Так этот друг, о котором я сейчас говорю, и я стали действительно большими друзьями. Мы часто встречались и устраивали карнавалы стихов, карнавалы среди звездных ламп поэзии. У него был тонкий инстинкт, который видел драгоценный камень, как бы он ни был оправлен. Он обладал способностью поэта, которая давала ему зрелое знание всех технических вопросов в оправе.
“Now more than ever seems it rich to die,
To cease upon the midnight with no pain.”
Он цитировал эти две строки и восклицал: «Была ли когда-нибудь смерть столь безболезненной, как та, о которой здесь говорится? „Прекратить существование в полночь!“ Здесь нет борьбы, нет сожаления, нет страха. Эта смерть мягче, легче и плавнее, чем падение тени ночи на пустыню безмолвного песка».
Долгое время имя одного человека почти ежедневно звучало в моих ушах. Я много слышал через друга, о котором упоминал в последний раз, о его интуитивном взгляде и критической проницательности. Тот друг сообщил мне о влиянии, которое имело его мнение; и о том, как этот человек ставил Китса высоко над поэтами, которым у нас стоят медные статуи, чьими именами мы называем наши улицы. Мое любопытство было возбуждено, и, хотя мое желание встретить этого человека было в значительной степени смешано с робостью, я часто чувствовал укол ревности при мысли, что многие люди, с которыми я был знаком, знали его. Наконец я стал отдаленно связан с предприятием, в котором он принимал заметное участие. Благодаря посредничеству одного человека, дружественного нам обоим, мы встретились. Это была священная ночь для меня, и я сидел и слушал, очарованный. Через несколько часов разговор перешел на сонеты. «Сонеты!» — закричал он, вскакивая; «кто может повторить строки о Кортесе у Китса? Вы все знаете их». Кто-то начал читать или повторять сонет.

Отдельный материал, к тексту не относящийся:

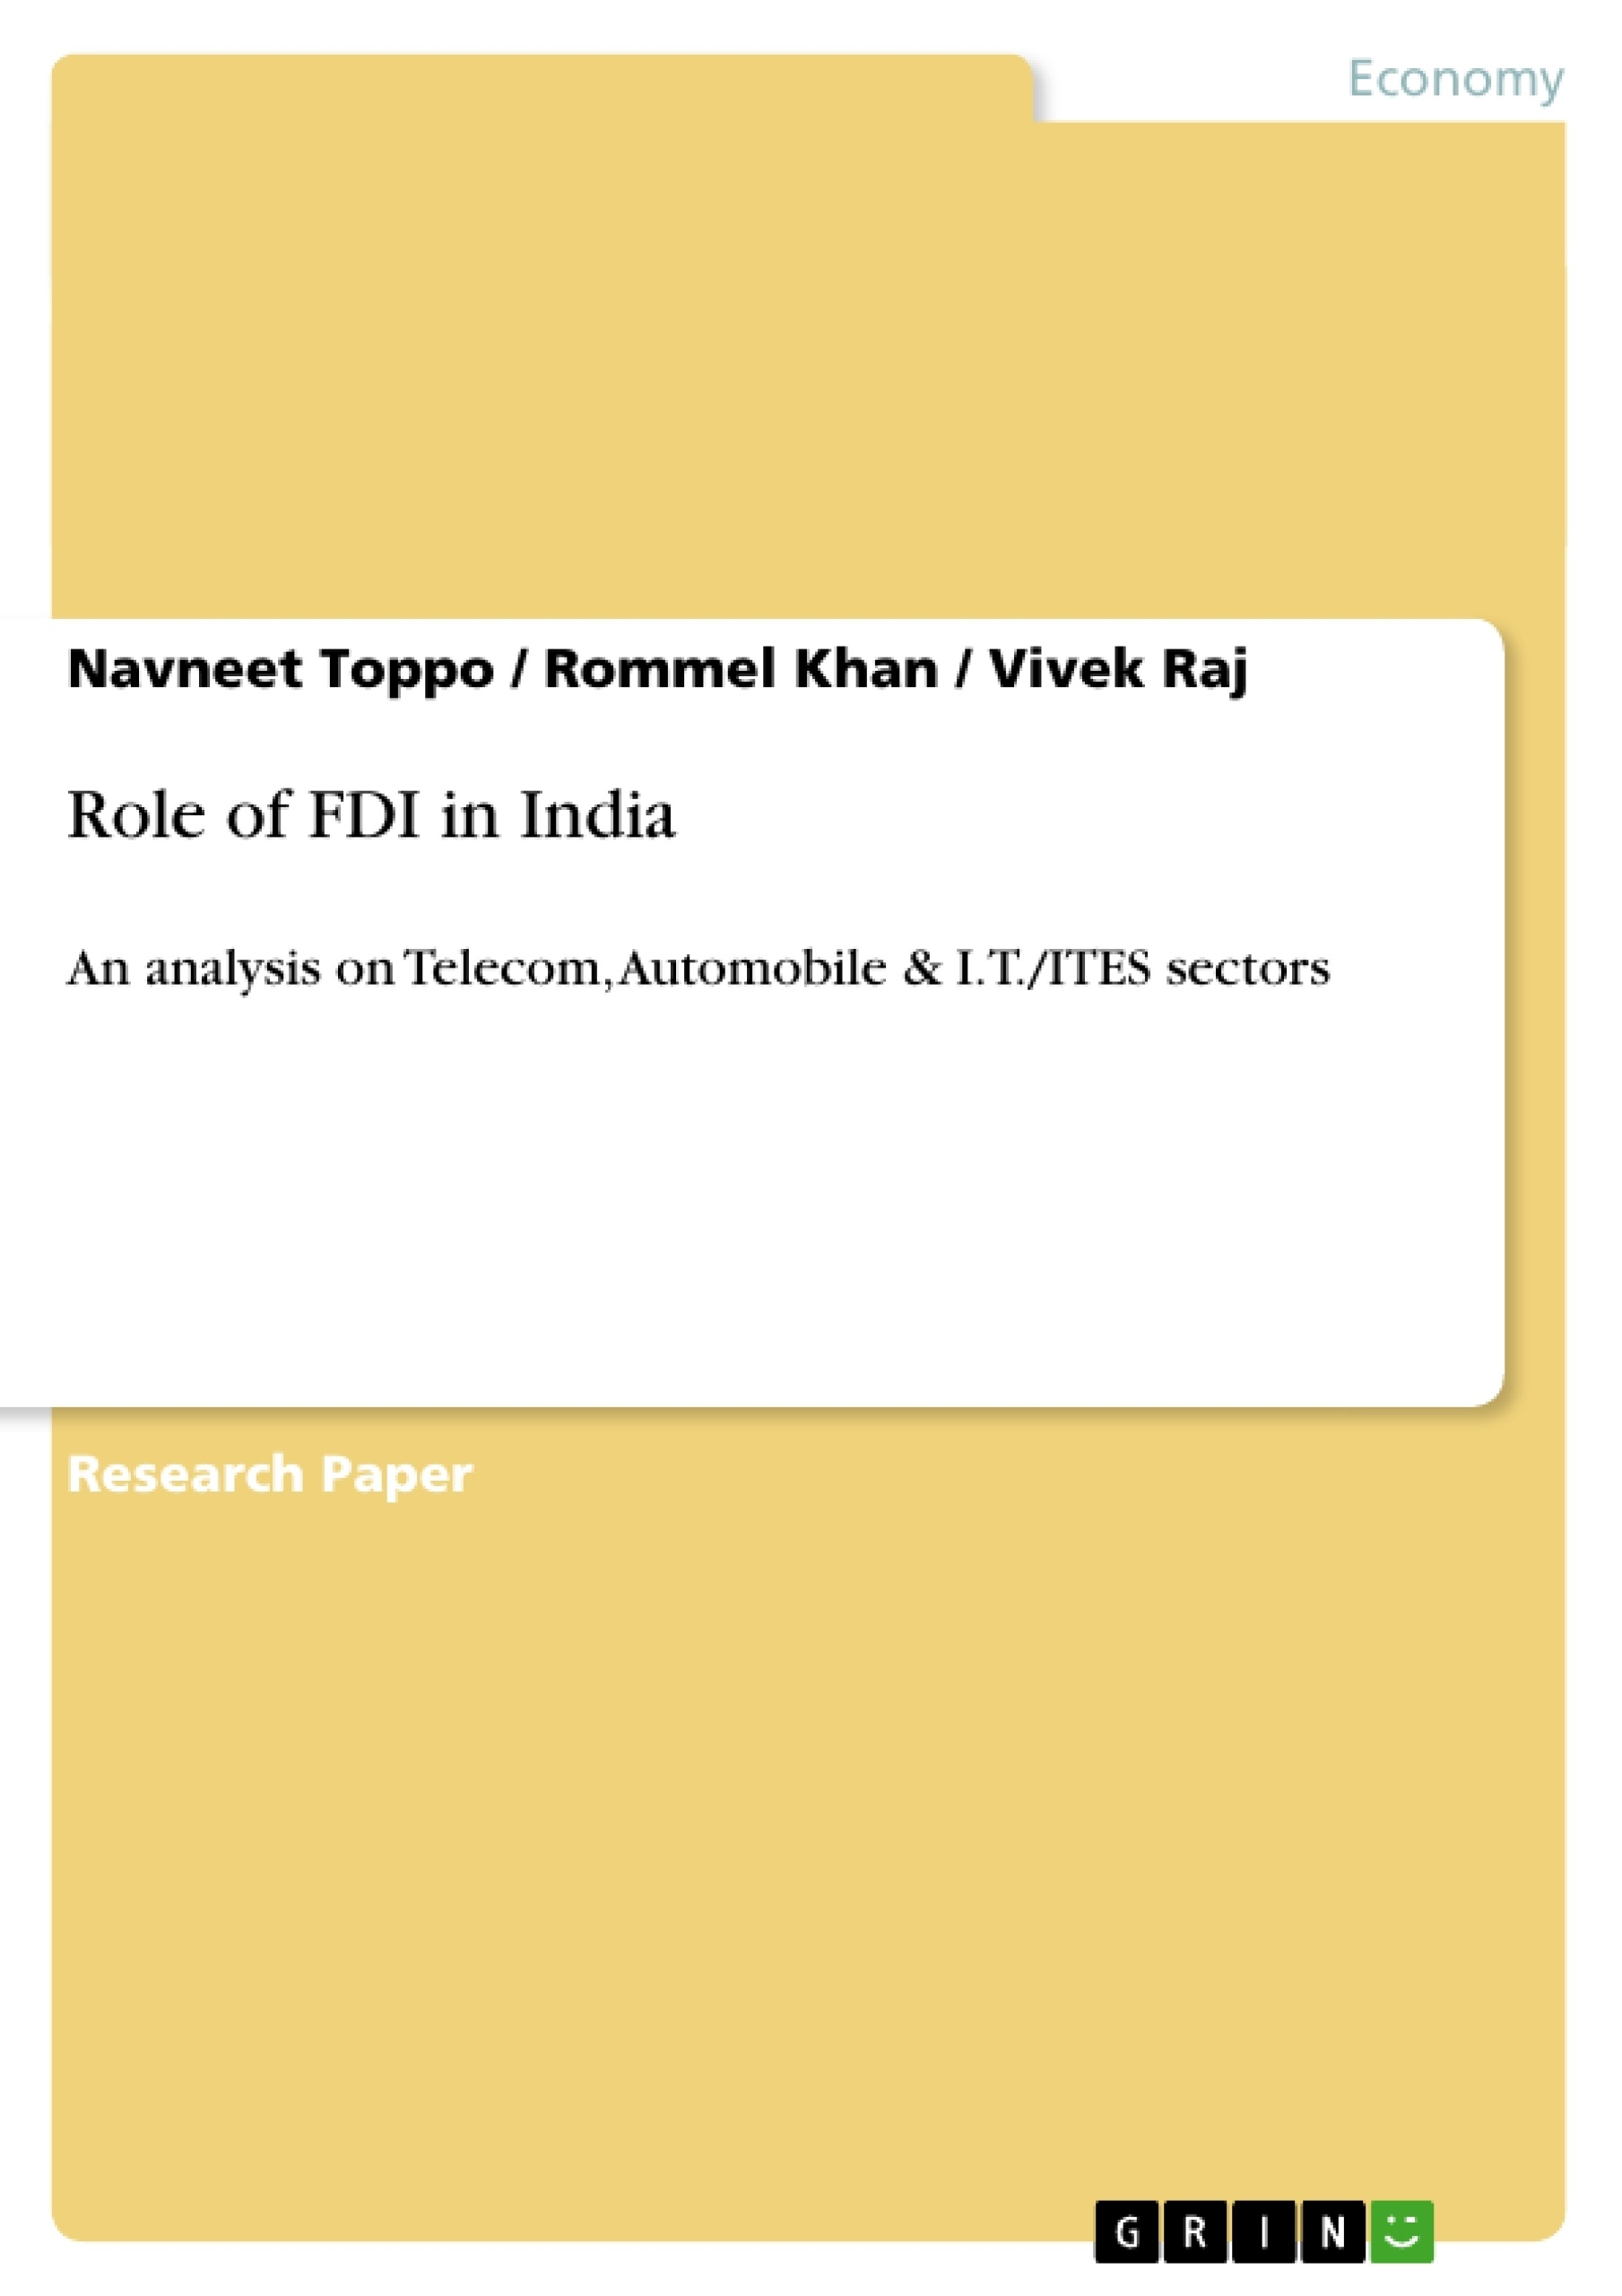 Title: Role of FDI in India

Дойдя до слов «или как отважный Кортес».
“Or like stout Cortez when with eagle eyes
He stared at the Pacific—and all his men
Look’d at each other with a wild surmise—
Silent, upon a peak in Darien.”
«„И все его люди смотрели друг на друга с диким догадкой“, — повторил он, — „безмолвные на пике в Дариене“. Самая долговечная группа, когда-либо созданная. Они стоят там по сей день. Они будут стоять там вечно и вечно; они неизменны. Когда художник высечет их, вы можете знать, что Буонаротти воскрес из мертвых и снова среди нас».

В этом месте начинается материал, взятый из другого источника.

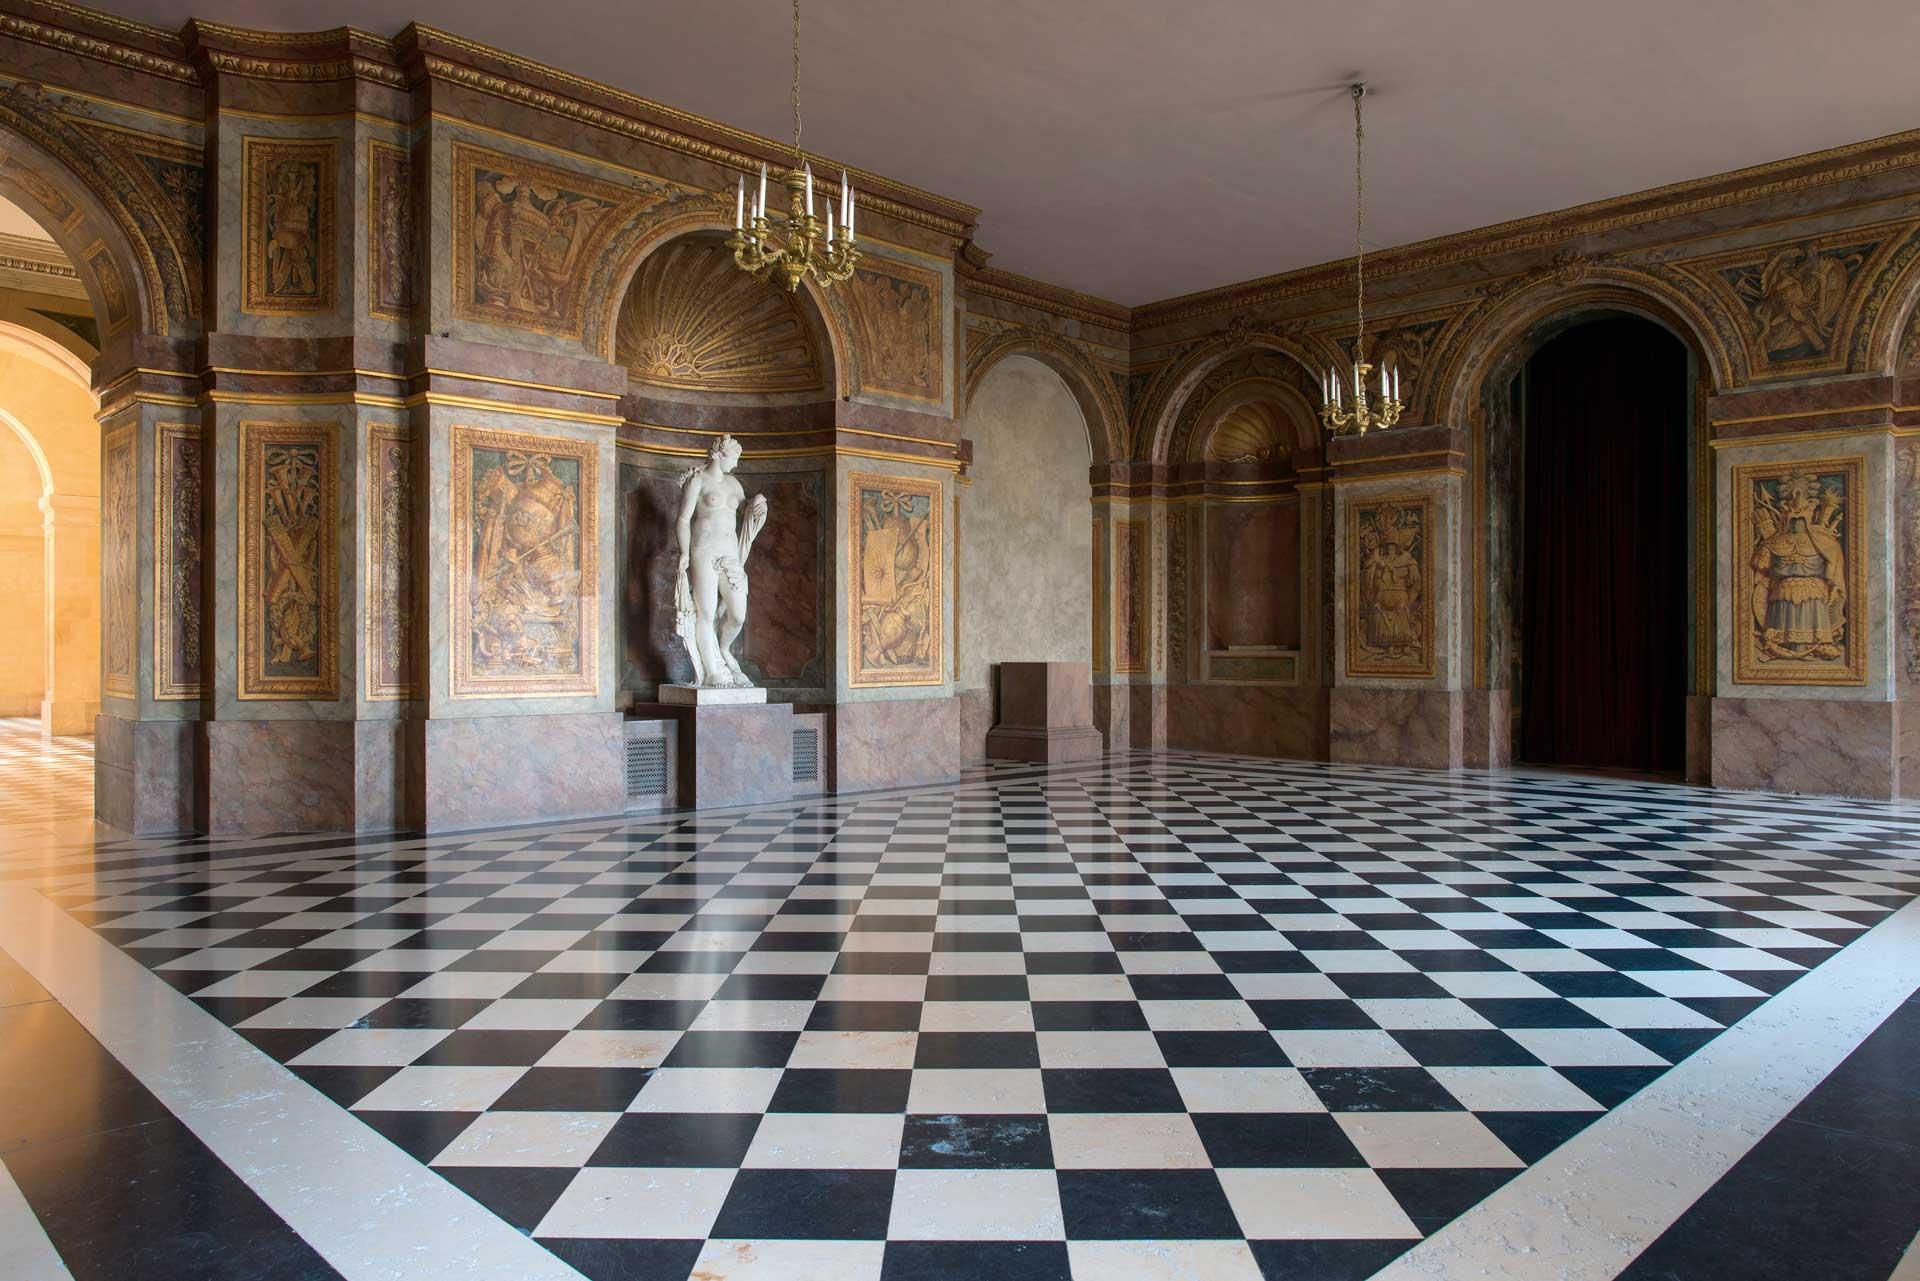 Palacio de Versalles, Château de Versailles, Grand Trianon ...

Та часть книги, которая называется предисловием и ставится первой, всегда пишется последней. Может быть, это по-человечески, но не логично, что когда человек начинает, он не знает, что сказать сначала, пока не выяснит путем тщательного предположения на нескольких сотнях страниц, что он хочет сказать в конце. Было бы неприлично мне в коллекции невежественных эссе притворяться, что я знаю меньше, чем человек со средним интеллектом; но я совершенно искренен, когда говорю, что не знаю, кто автор великого афоризма о том, что «в конце концов, в человеке много человеческой природы». В человеке, я бы рискнул сказать, больше человеческой природы, чем логики. Мой экземпляр Китса не является исключением из общего правила книг. Предисловие должно непосредственно предшествовать колофону. И все же оно находится в самом начале тома, даже перед титульным листом. Оно не составляет неотъемлемой части тома и неизвестно ни принтеру, ни издателю. Его подарил мне вдумчивый и добросердечный друг, рядом с которым я работал довольно долгое время. Однажды, годы назад, он взял отпуск и исчез, уйдя из нашей среды, я не знал куда. Вернувшись, он одарил каждого из своих коллег чем-то из своего запаса добычи. То, что сейчас составляет предисловие к моему экземпляру, он дал мне. Оно состоит из двенадцати листьев; двенадцать миртовых листьев на веточке. Когда он был в Риме, он помнил обо мне и сорвал эту веточку на могиле поэта. Утешительно помнить, что Китс похоронен так далеко от того места, где он родился, когда мы не можем забыть, что отвратительная гнусность публикации его любовных писем была совершена в его собственной стране — здесь, в Англии. Его дух был одолжен земле лишь на короткое время, и он отдал его нам весь. Но мы не были удовлетворены. Нам нужна была его сердечная кровь и его сердце тоже. Джентльмены, которые нападали на его поэзию, когда он был жив, на самом деле не знали лучшего и пытались, возможно, быть настолько честными, насколько это соответствовало их личным целям. Но публикация любовных писем покойного, через пятьдесят лет после того, как он ушел, не может быть приписана даже невежеству. Если бы на этой книге были заработаны какие-либо деньги, было бы изящным поступком отдать их какой-нибудь церкви, где кладбище скудно, а приход нуждается в поле для погребения бедняков.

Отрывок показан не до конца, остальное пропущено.